Stabilita (all’incirca) la paternità dei droni, va risolto un altro nodo cruciale: nella vita di tutti i giorni li chiamiamo come sopra, ovvio, ma gli specialisti usano altri nomi, che è bene conoscere quando ci si muove in ambienti di appassionati.

Uno dei primi “nomi alternativi” dei droni è senza dubbio “UAV”. La sigla sta per “Unmanned aerial vehicle”, ovvero “veicolo aereo senza equipaggio” ed è una dicitura che risulterà familiare anche ai più giovani e in generale a chi videogioca, particolarmente a titoli sparatutto come “Call of Duty”, visto che si tratta di una delle dotazioni dei personaggi del celebre titolo della Activision.

Altre sigle popolari per parlare di droni sono sicuramente RPA (“Remotely piloted aircraft”), RPV (“Remotely piloted vehicle”), ROA (“Remotely operated aircraft”) o anche UVS (“Unmanned vehicle system”). Se si preferisce l’italiano, allora la sigla più frequente è APR (Aeromobile a pilotaggio remoto). Tutte variazioni sul tema, visto che si insiste sui concetti di “remoto” e “senza equipaggio” per distinguere i droni dai comunissimi aerei o elicotteri, di qualsiasi forma o dimensione essi siano.

A ogni modo, le sigle vengono decisamente scartate nel linguaggio comune, e vengono preferite solo in ambienti estremamente specialistici.

Allora perché si fa ancora un po’ di confusione quando si parla di droni?

C’entra una parola inglese antichissima che nessuno usava più fino all’invenzione non di un “aggeggio volante”, ma di un… genere musicale!

Il primo drone, con le ali ma più innocuo

Drone è una parola che viene dall’inglese parlato nel primo Medioevo: la troviamo presente in tutte le lingue del blocco anglosassone, dal tedesco allo svedese, per indicare una stessa, piccola cosa: il maschio dell’ape e il suono che emette, basso e costante.
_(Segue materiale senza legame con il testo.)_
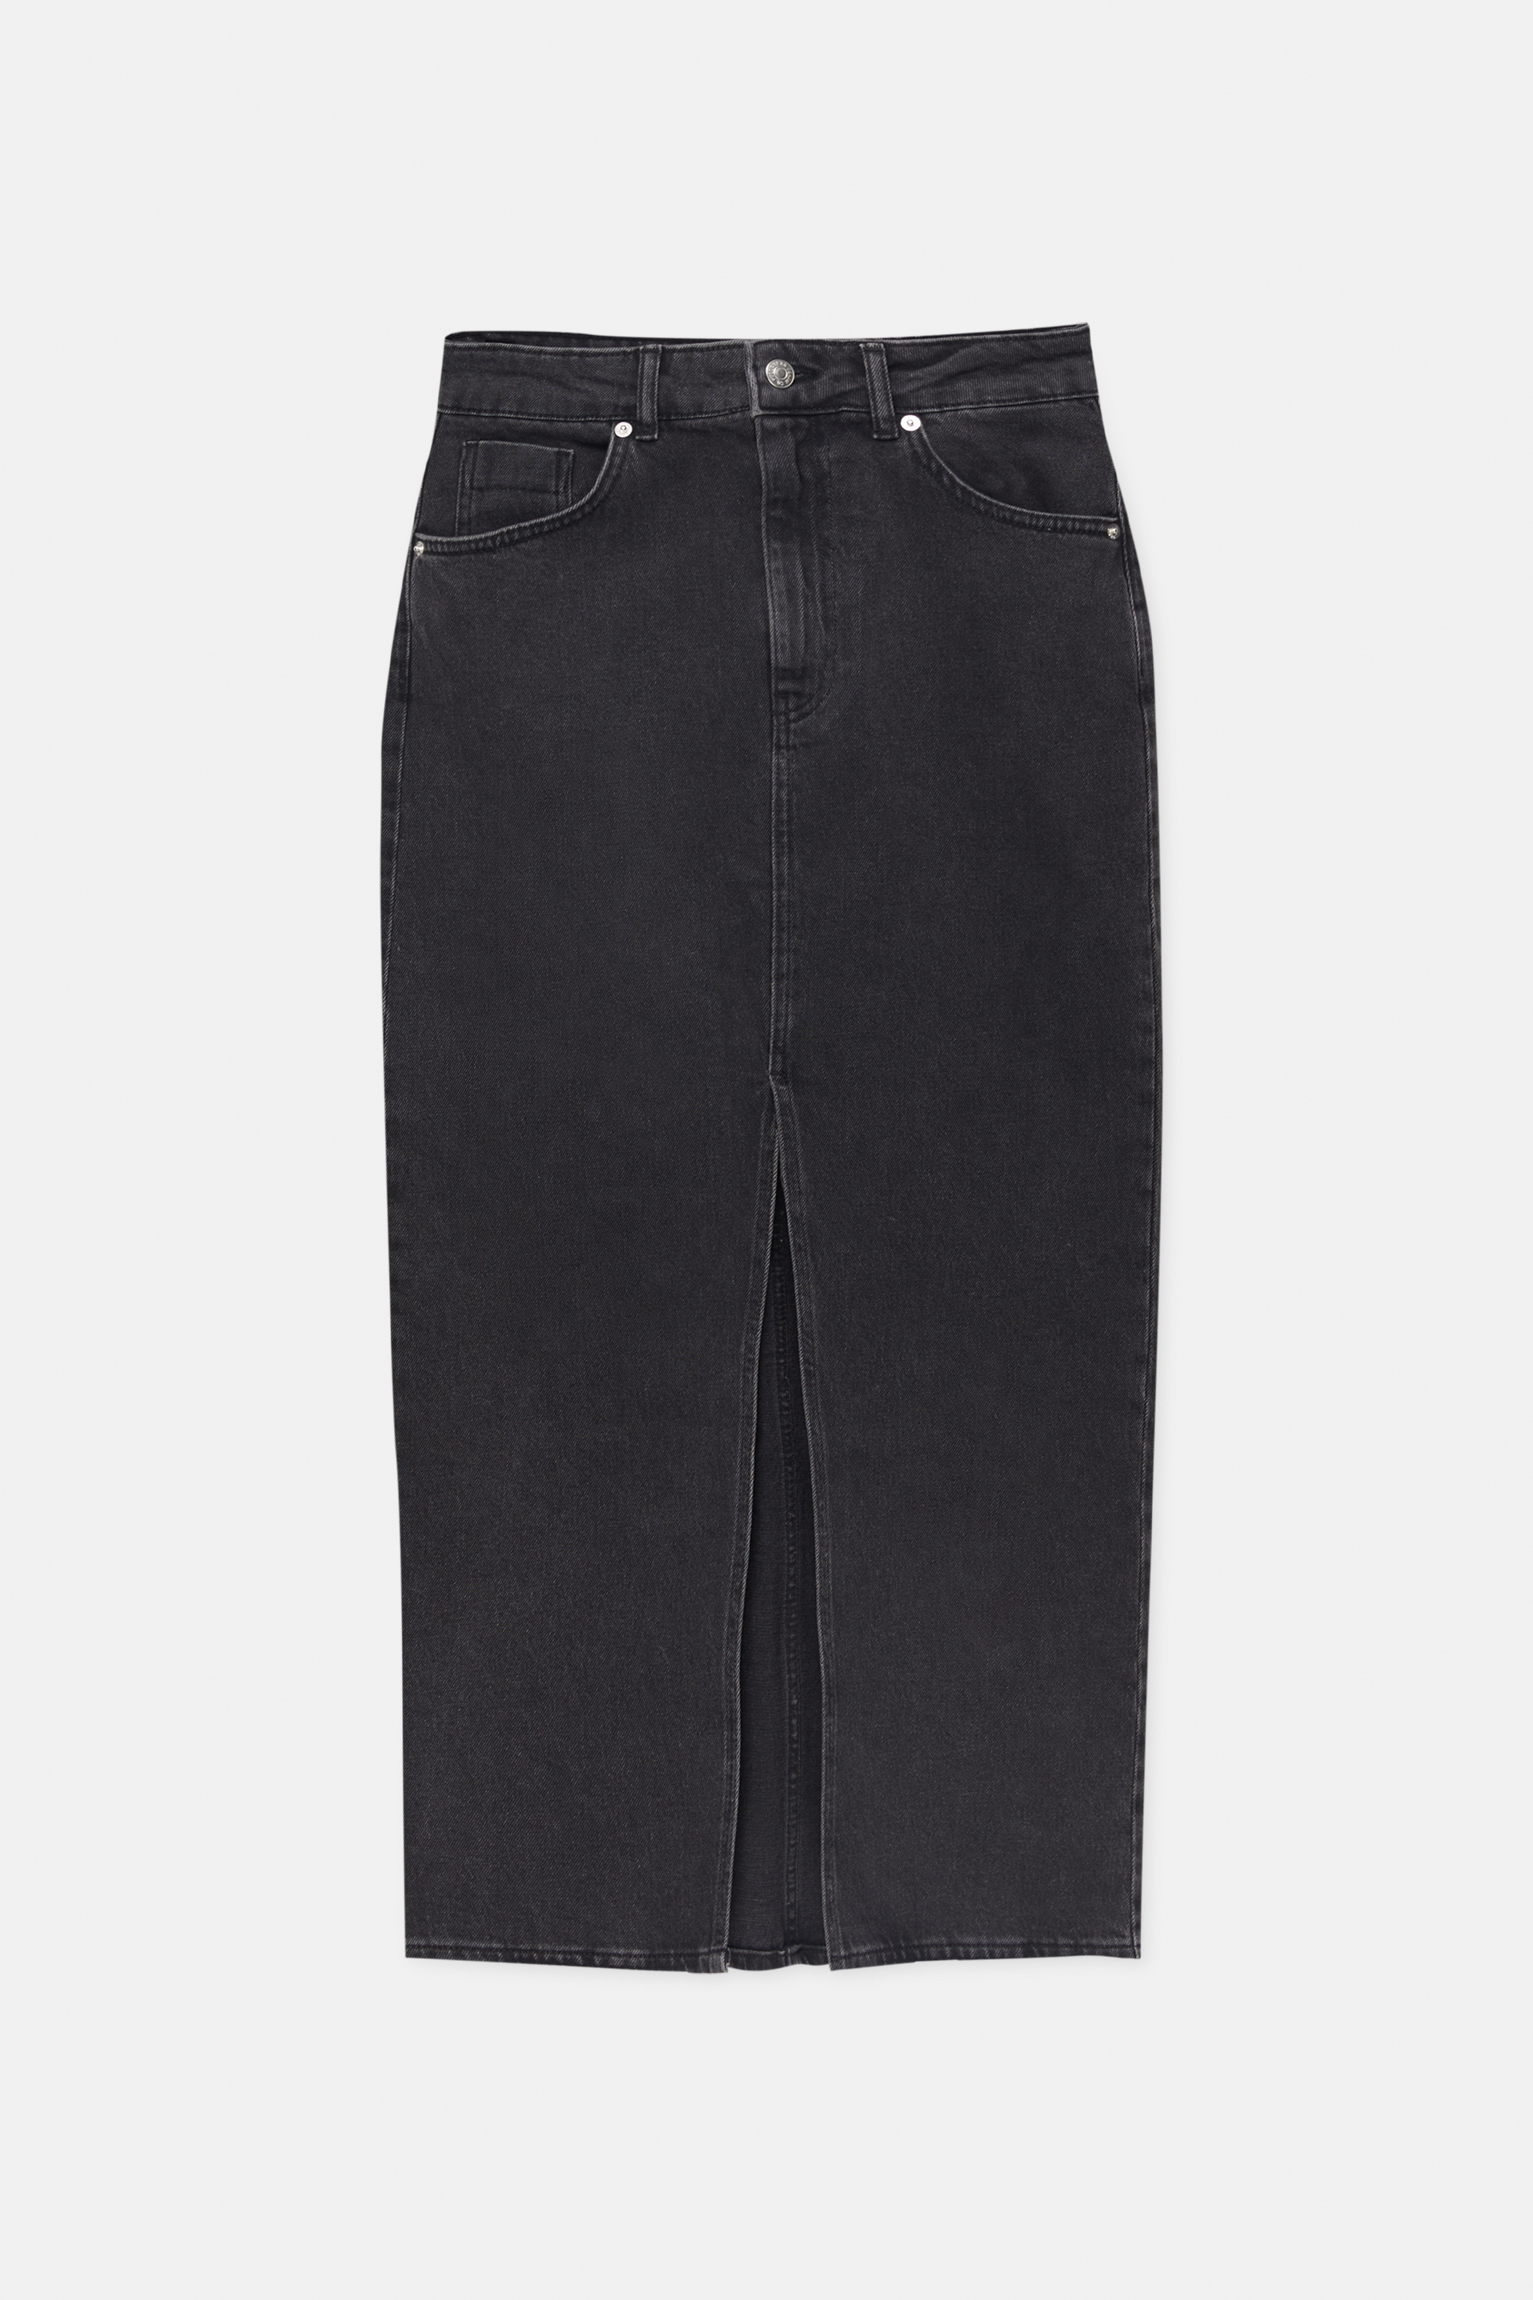 Update more than 132 black jean skirt best

Per estensione, nel XVI secolo si iniziò a usare la parola drone proprio per descrivere un suono monotono – come quello degli insetti in questione – associandolo a persone noiose o pigre.

Arrivando al XX secolo, la parola drone verrà utilizzata per descrivere un genere musicale nato da una costola del minimalismo: la drone music si è poi espansa a toccare ambiti meno colti, ma è sempre riconoscibile per l’uso esteso del bordone, ovvero quei suoni o accordi ripetuti continuativamente per tutta la registrazione o composizione. Trattandosi di un approccio alla musica che ha avuto successo e, soprattutto, longevità, è facile comprendere come il termine si sia andato a sovrapporre a quello usato per descrivere i piccoli aeromobili.

I quali però non prendono il nome dalla musica ma, ancora una volta, dall’insetto: piccoli, dal rumore costante e, generalmente, innocui.